Directly I said into the phone
That she should come over
To be with me
As the rain was with me
And the moon’s brown eyes

She said No
Your metaphors are a hint
A playing at gross misdirection
And pathetic mendacity

But I protested this and fought like lions in the sand
Like hawks for new mates
Doing love-patterns in the air
Making soft wind all night long

She answered she might loosen her dress for me
Some other time

But tonight was moonless cloudy misted eroding
Like the onset of chaos or nihilist bacchanals!

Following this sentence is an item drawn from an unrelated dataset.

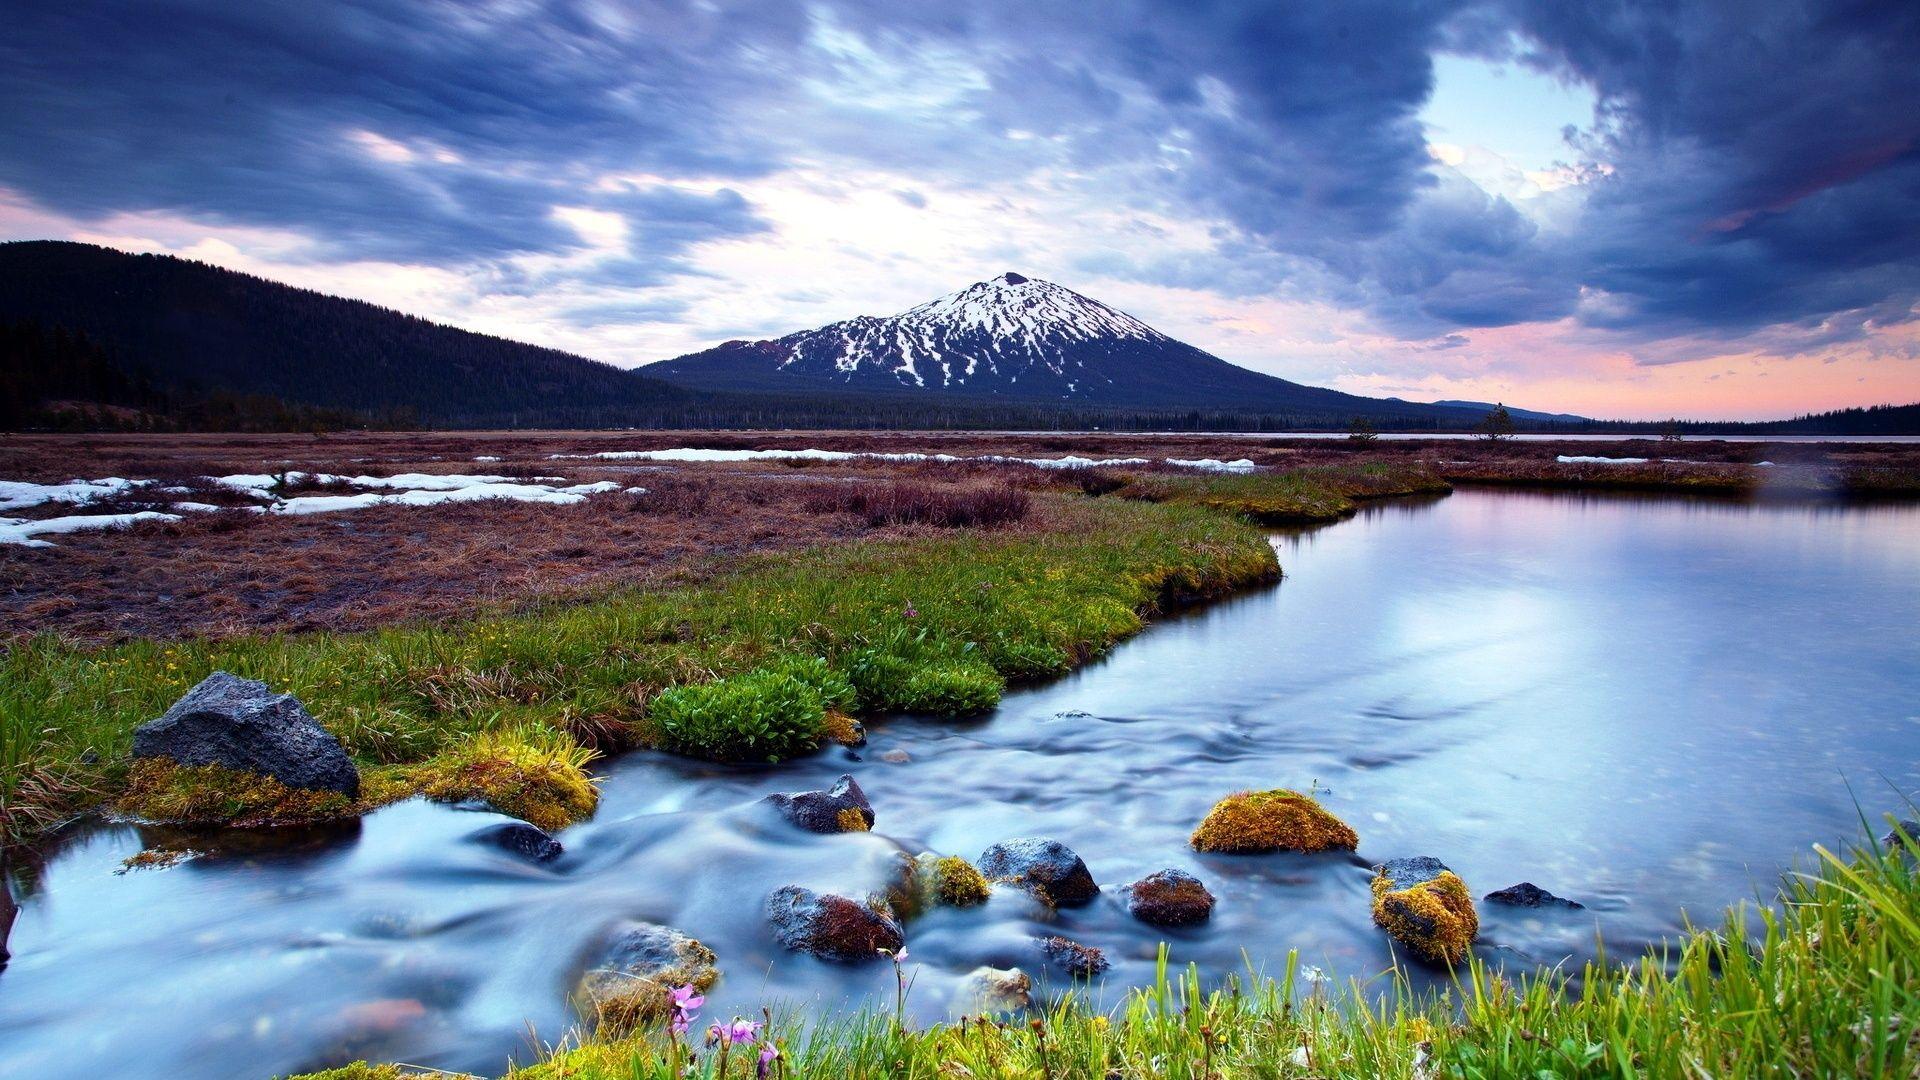 Beautiful River Land Wallpaper Beautiful Landscape Wallpaper Beautiful Landscapes Mountain Landscape

And I thought and said she was strangling
The in-seams of poetic license
But agreed to wait for the red-nights
And the blue-hours
Giving her room in the forest to do
What was deer to my hart

Two weeks later I found myself
Covered in leaves branches pine-needles and flowers
With Suzy the priestess ready to vivisect
My poems of moons and stars and mountains


Art: Take 3

Death of death
Rings out and in
Rings before me and beyond me
Because I will it
Like a stone
Hurled between two trees

Like a canvas that sees me
Only me

You said the focused blue moment moved
Once in church

You said the somnambulant hills faded
Because she wept

You know why she weeps
You know why he stares

Because the Sun eats the Moon
And drinks the wind
And laughs inside the halls of galleries
Watching and listening to art snobs
And wannabes posing by the wall

As if they
Could
          Escape
Themselves

Then the Sun smiles like a child's kiss
As it finds an artist with a heart
That beats for lives formed
Inside squalls and tempests and infernos
Beats once for these
Beats again for love like
Two colors juxtaposed
To form a third reason to crash

Symphonies embrace
Moan for a beauty trapped in the eye
And again for the soul that bleeds
Orgies of Truth

I know the morning is never blind



(About the author)
Douglas Pinson is the editor and publisher of Spinozablue, an eclectic journal of the arts. He has published poetry in Gargoyle, Pembroke Magazine, Cold Mountain Review and Other Voices International Project. Douglas lives in the Unites States and is currently working on revising a novel. An avid reader of mythology, especially Irish and Greek, he hopes someday to be a constellation.